On a sweltering Thursday morning, the owner of Rainbow Ice Cream in Coquitlam, B.C., pores over a computer spreadsheet and talks to drivers about their routes.

Some flavours are in short supply, and Falou is focused on efficiency for his fleet of 10 trucks.

The problem is not just high gas prices, said Falou.

“Maintenance went up. Truck parts went up. The mechanical parts went up,” he said in an interview.

“Ice cream went up over 60 per cent. We had to jack the price up by a dollar. We couldn’t do more, because of the consumers. We just want them to be able to afford ice cream.”

Steve Christensen, executive director of the North American Ice Cream Association, said vendors are facing a range of challenges.

“Gas prices are up,” said Christensen, speaking from Missouri. “So, a lot of everything — cones, cups, different things — anything that needs to be delivered by truck has gone up in price as well.”

Many challenges

Ice cream prices usually go up three to five per cent a year, Christensen said. But he said this year, prices are up 10 to 15 per cent, although that might not be across the entire menu.
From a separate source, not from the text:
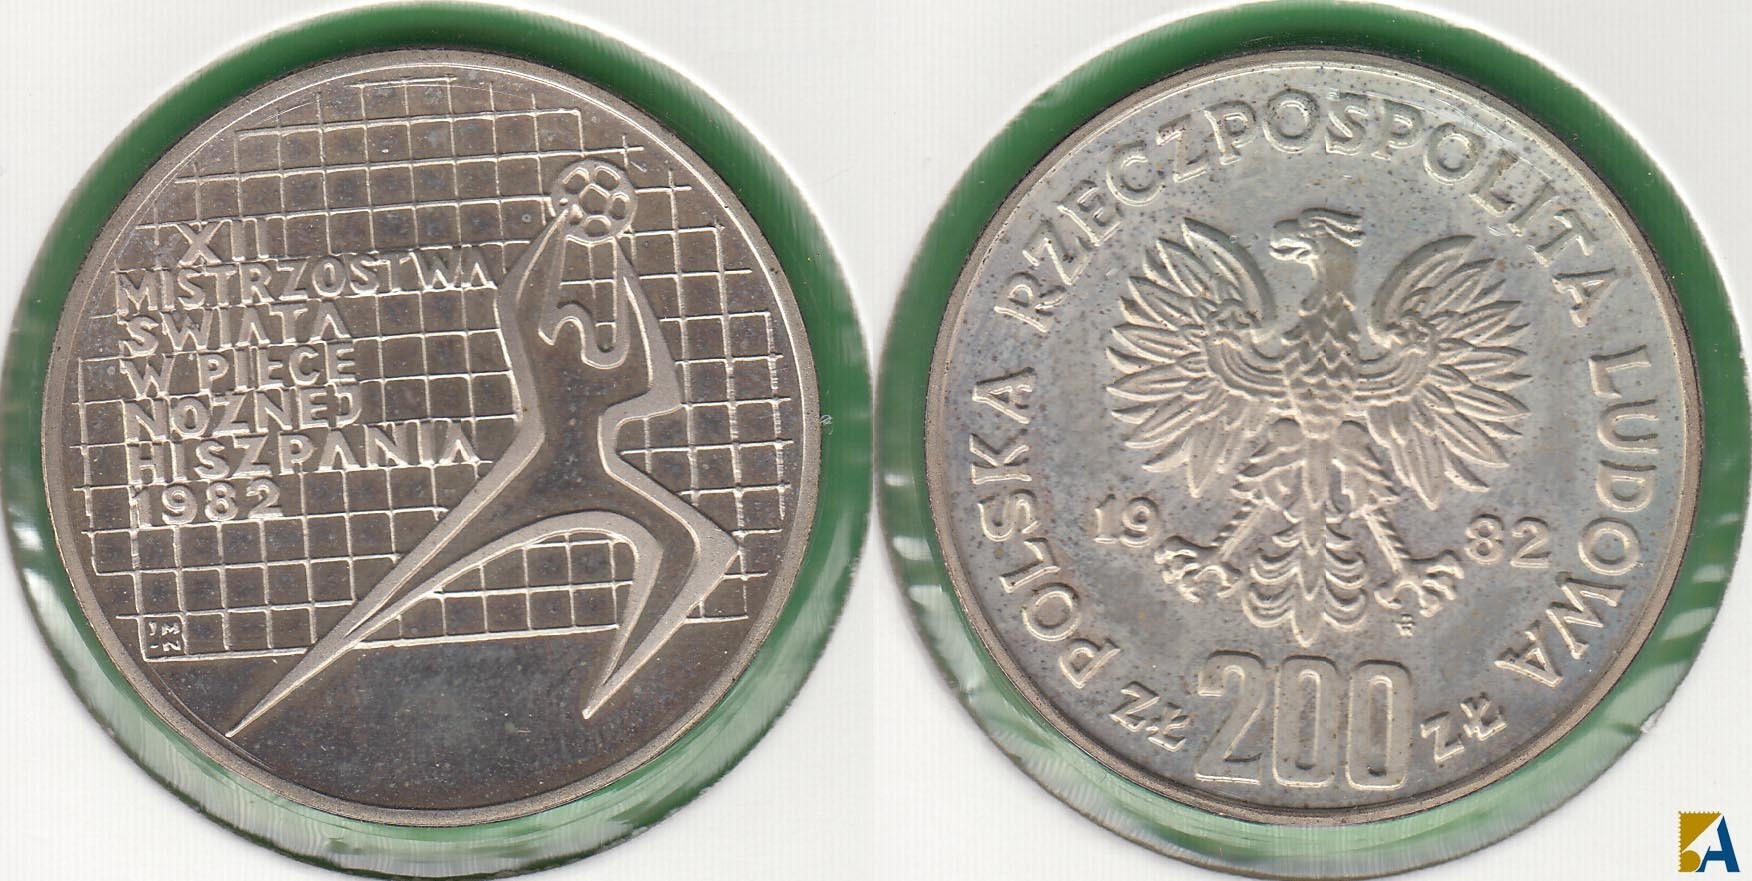 POLONIA - POLSKA. 200 ZLOTYCH DE 1982. PLATA 0.750.

Falou said he has tried to keep prices in check.

“You don’t make in this business a profit on just one piece,” he said. “You make a profit on volumes, too. I want [people] to be able to afford to buy ice cream from the ice cream truck. I don’t want to give that bad image that the ice cream truck is so expensive, you know.”
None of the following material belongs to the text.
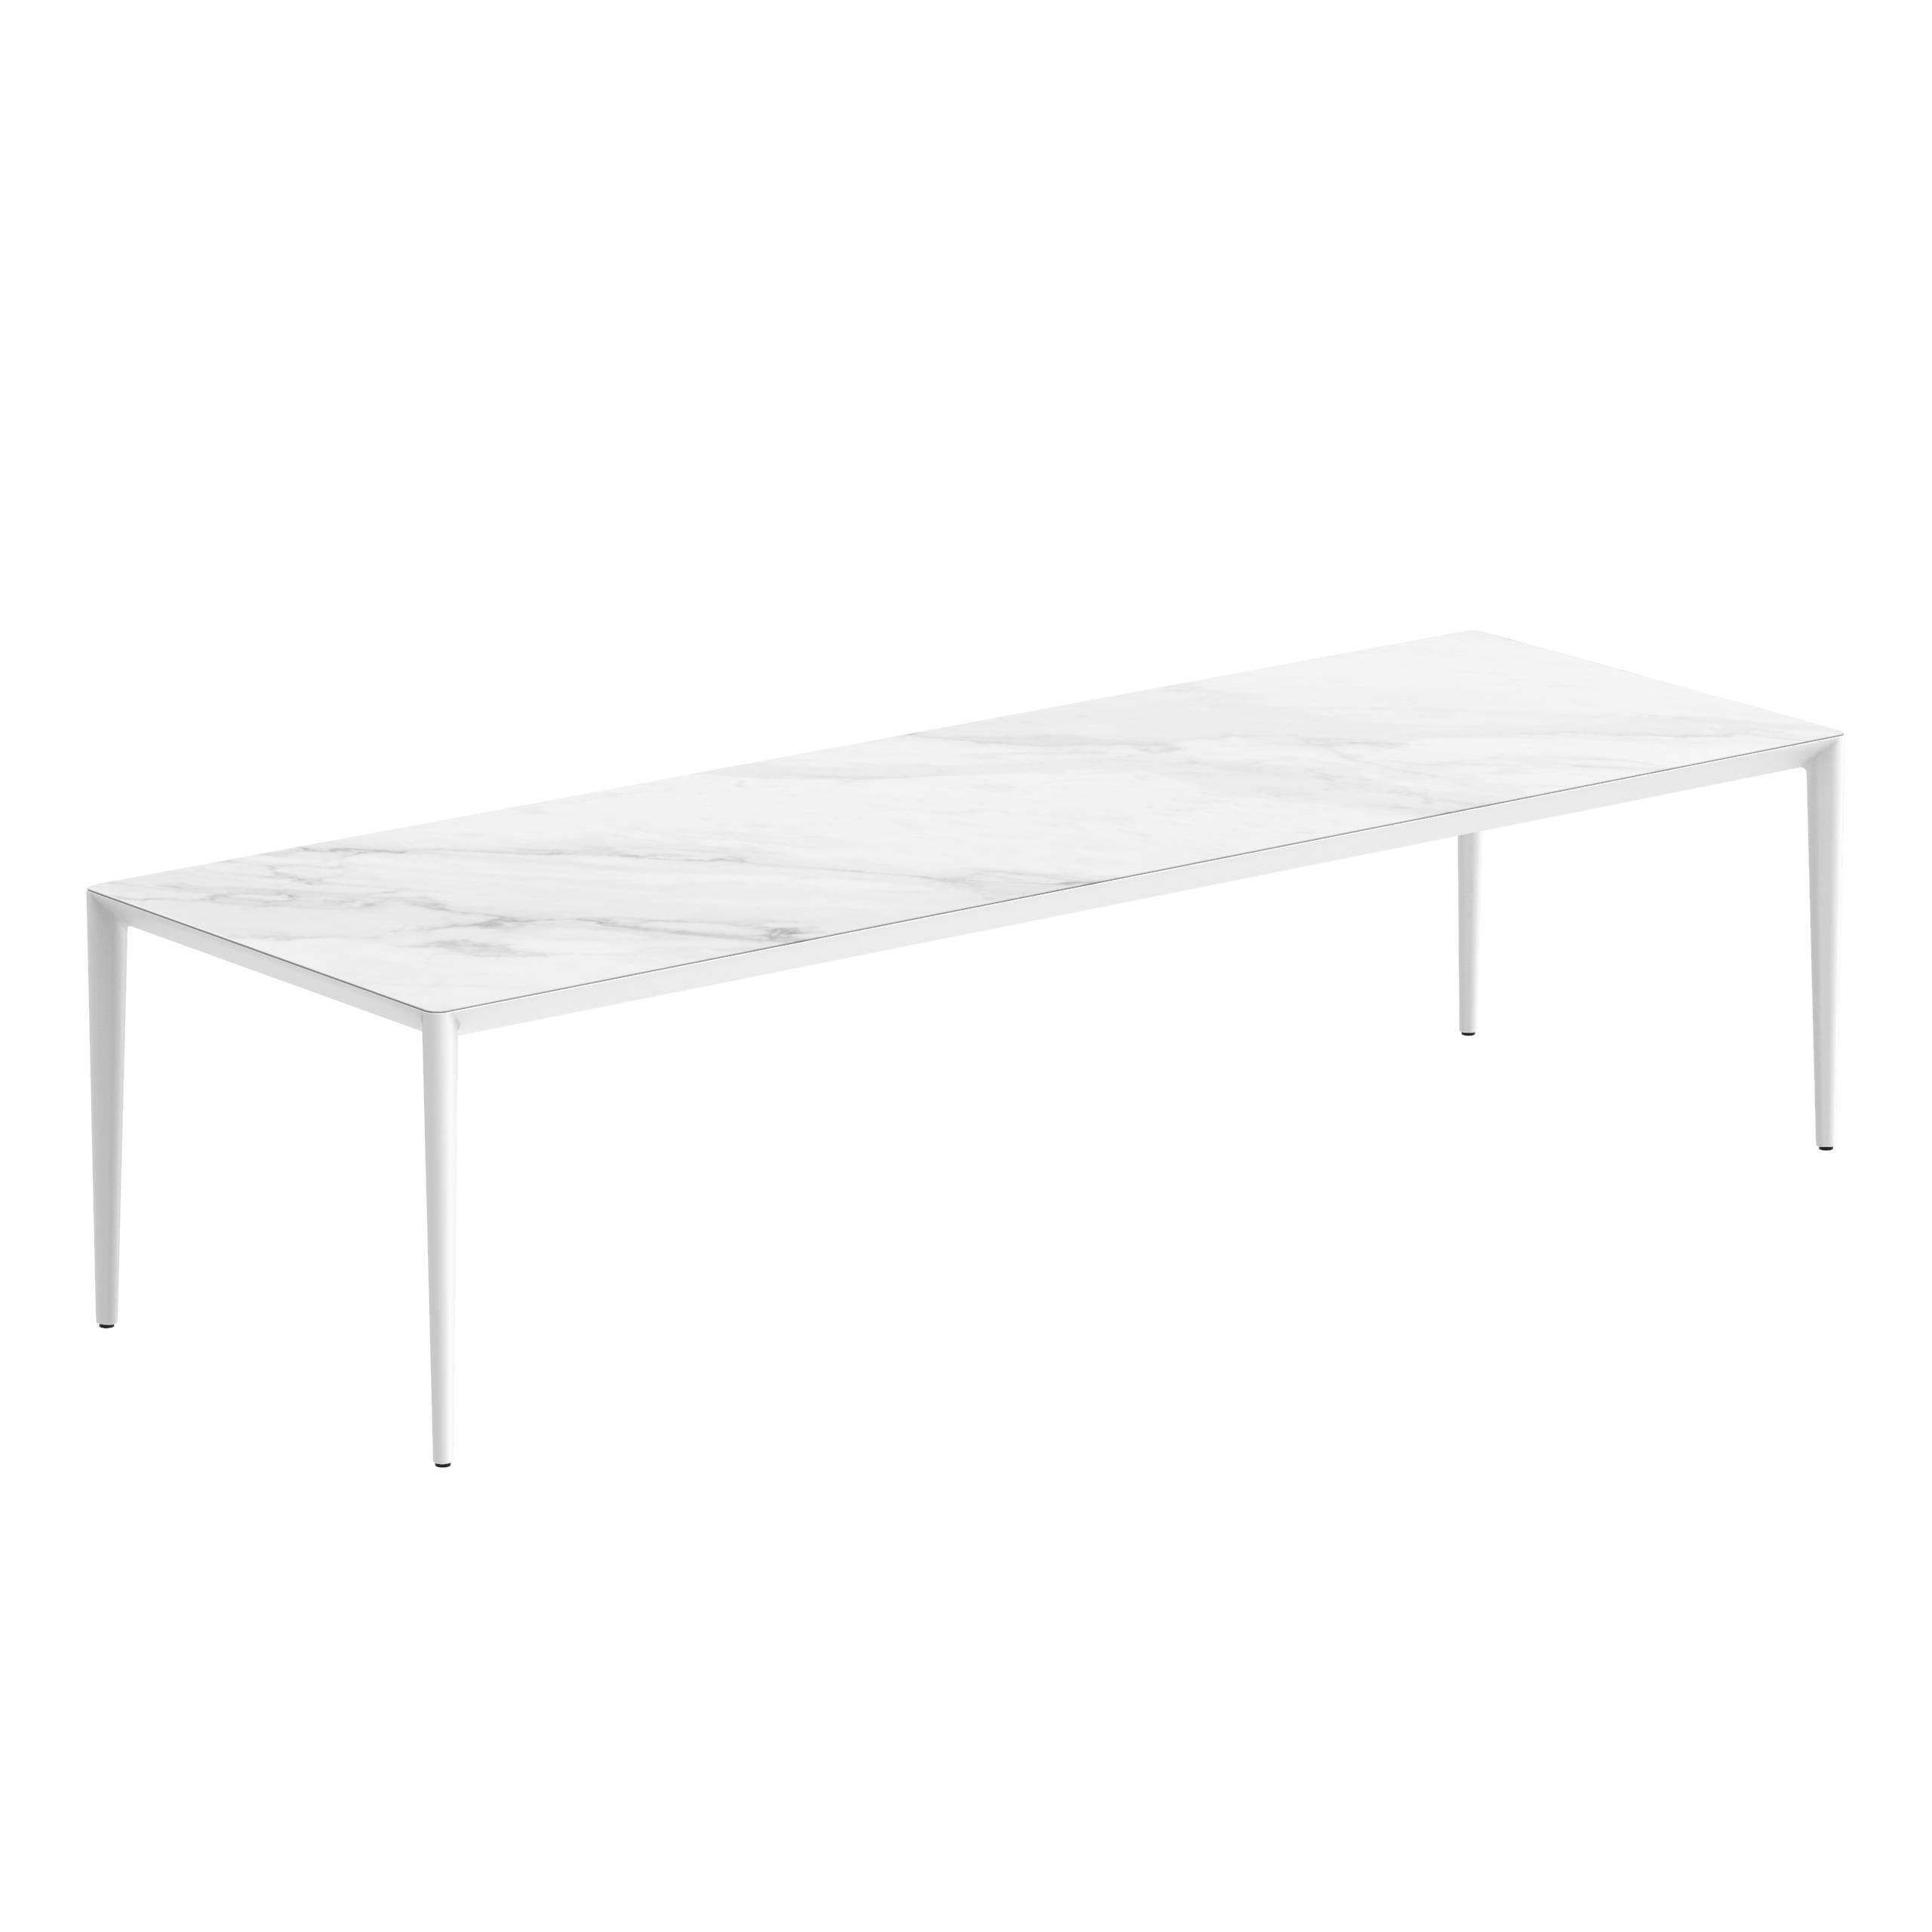 U-Nite Table 300x100cm White With Ceramic Tabletop In Bianco Statuario

Falou is hoping to “make just a little bit” without having to dip into his savings as he did during the past two years of the pandemic.

It’s been a tough year, said Falou, who shuts Rainbow Ice Cream from the end of September to April each year.

“We were hit by bad weather in the spring. It was the wettest weather in June. So that affects our sales big time. And definitely the profit is a lot less than the previous years.”

Much like everything else, the price of ice cream has increased at a much faster rate than normal this year. (Nina Westervelt/Bloomberg)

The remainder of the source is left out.